Piosenkarz rozwściecza fanów (i dawnych fanów) w Bostonie, spóźniając się wiele godzin na koncert, który został już odwołany i przełożony.
Trzygodzinne oczekiwanie na godzinny pokaz.
Oto co Rihanna fani narzekali po tym, jak diva „We Found Love” w końcu weszła na scenę trzy godziny po rozpoczęciu występu.
Aby dodać zniewagę do obrażeń, nie było nawet aktu otwarcia, który zabiłby martwe powietrze.
Poza tym koncert w Bostonie był pierwotnie zaplanowany na 10 marca, ale został odwołany po RihannaObóz ogłosił, że piosenkarz ma zapalenie krtani.
Tak więc uczestnicy koncertu mieli czas, aby nabrać tempa w ciągu trzech godzin, które czekali.
Jeden zirytowany fan napisał na Twitterze: „@rihanna właśnie pojawiła się ponad trzy godziny spóźniona w Bostonie na pokaz makijażu, ponieważ odwołała kilka miesięcy temu z powodu choroby.
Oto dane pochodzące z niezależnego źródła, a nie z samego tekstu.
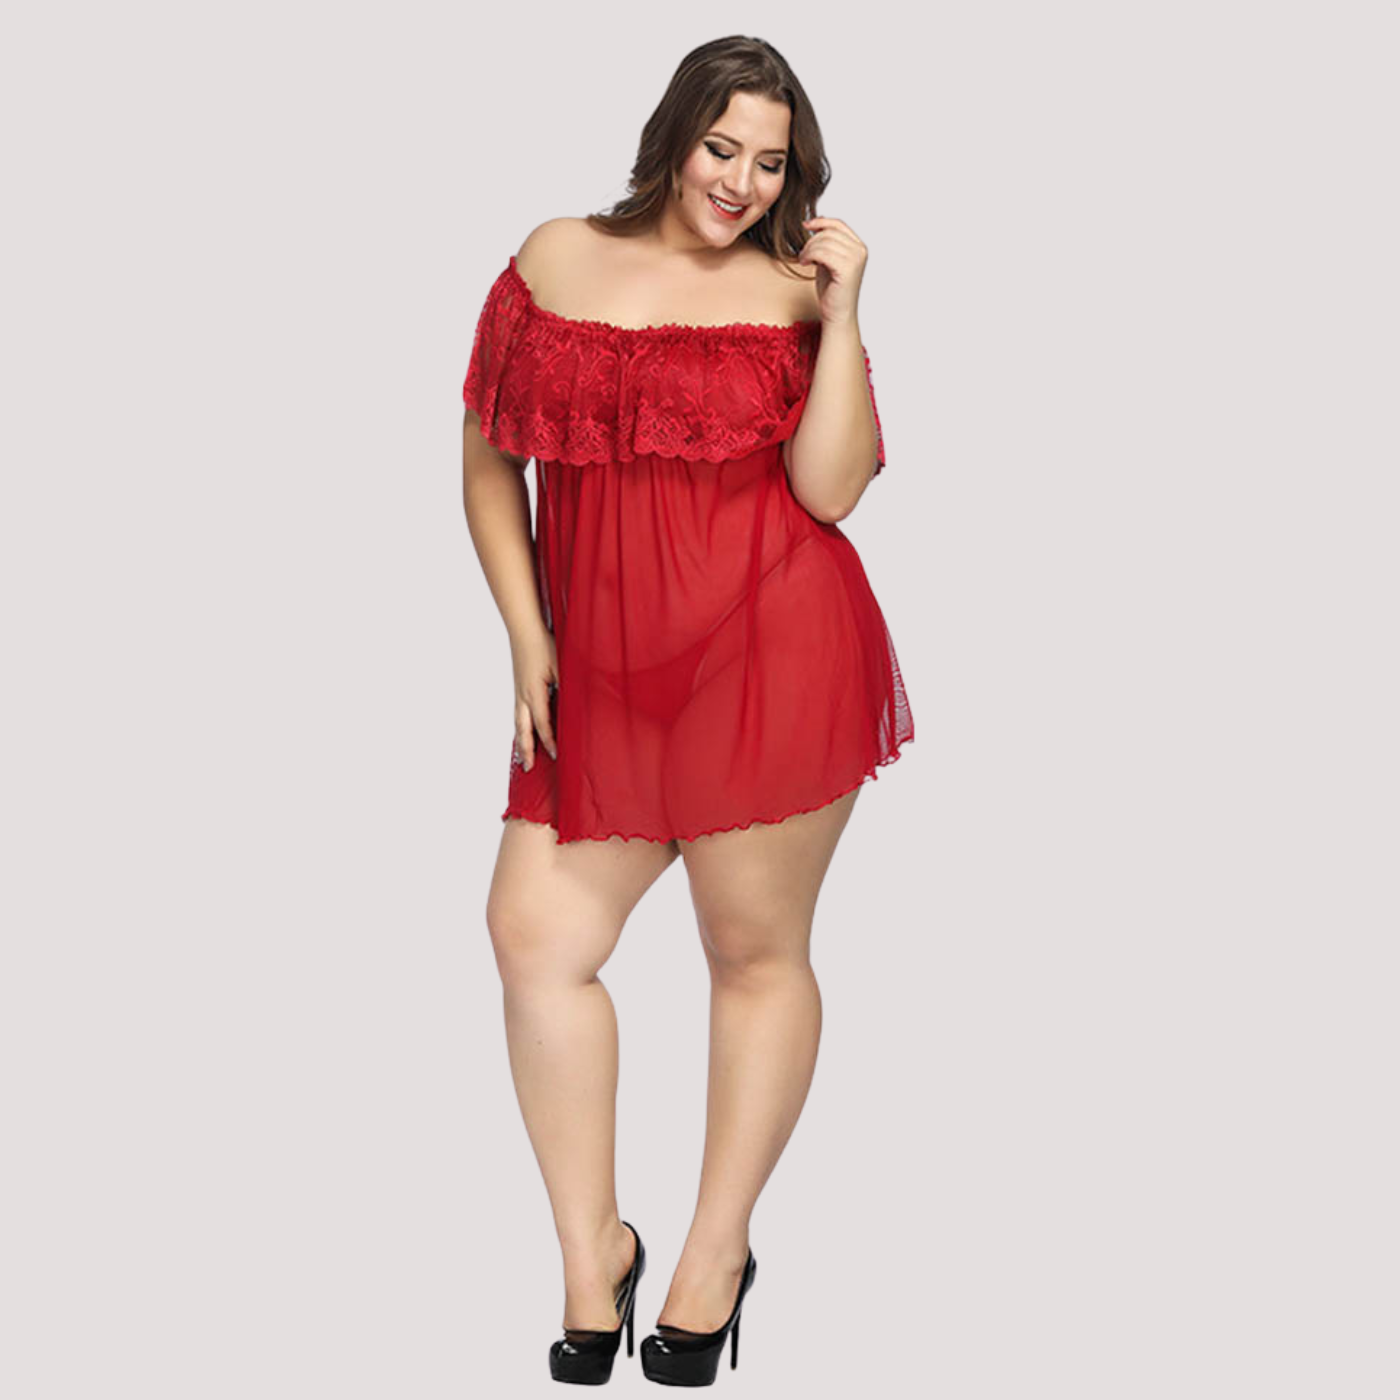 Babydoll Nightwaer wholesale dropshipping supplier - Snazzyway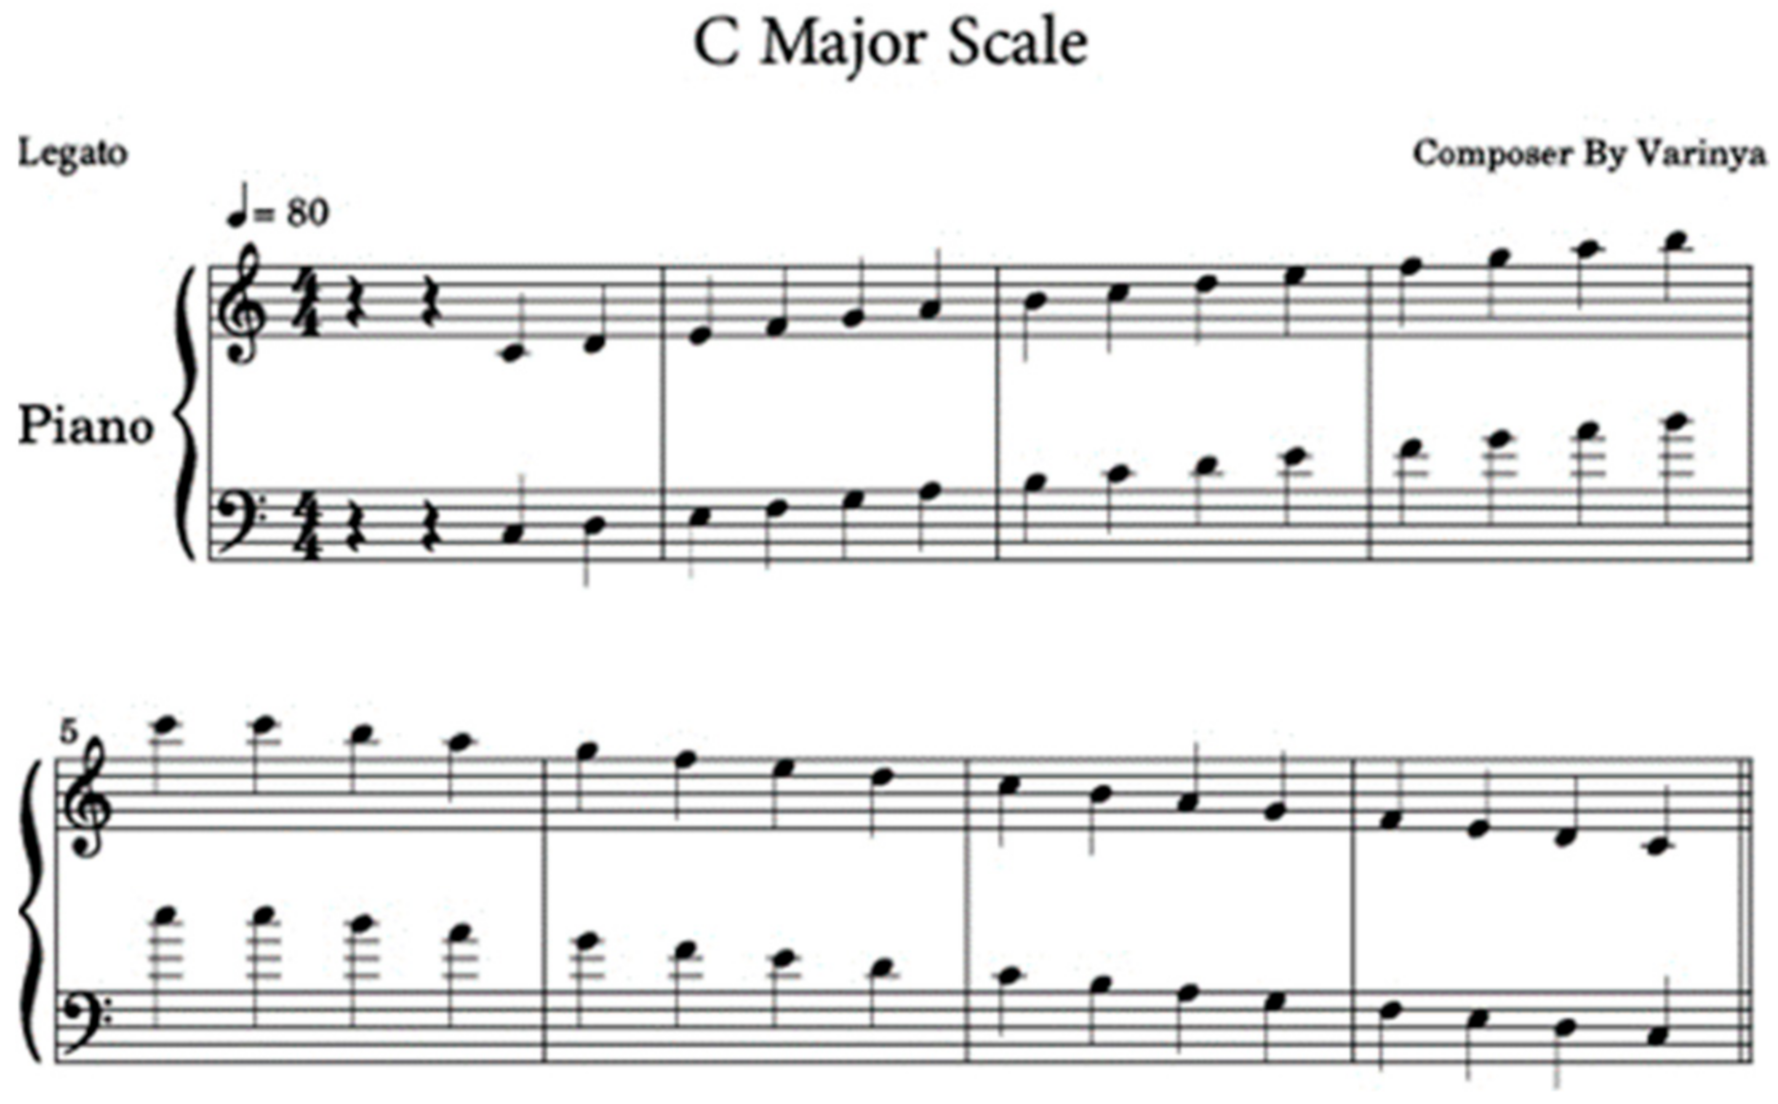 End Game sheet music for voice, piano or guitar (PDF-interactive)

Skończyłem z nią.
Inny, odpowiadający na plotki, że piosenkarz spóźnił się z powodu oglądania meczu koszykówki między Chicago Bulls i Miami Heat: „@rihanna spóźniła się 2-3 godziny na twój występ w Bostonie, huh!!! #brak szacunku #noexcuse koszykówka była ważniejsza co? Nie wracaj.
Fani powiedzieli również, że Rihanna została wygwizdana na koncercie: „Boston czekał 2 miesiące, a potem Rihanna spóźniła się 3 godziny na swój pełny koncert. Zasłużyła na wygwizdanie! Byliśmy szaleni jak diabli”.
Sama Rihanna nie przeprosiła za spóźnienie, zamiast tego tweetowała „#BOSTON Nigdy nie zapomnę tej nocy!!! Naprawdę mam teraz do ciebie głębszą miłość!!! Dziękuję za uczynienie go wyjątkowym!! #DWT.”
Rihanna znana jest z tego, że spóźnia się na zobowiązania. Po pojawieniu się trafiła na pierwsze strony gazet cztery godziny spóźnienia na występ w liceum w marcu, a jej trasa 777 Tour słynie z wykolejenia się w listopadzie po tym, jak piosenkarka opuściła/spóźniła się na kilka imprez, powodując dziennikarze na trasie do zamieszek i pisać o niej okropne historie.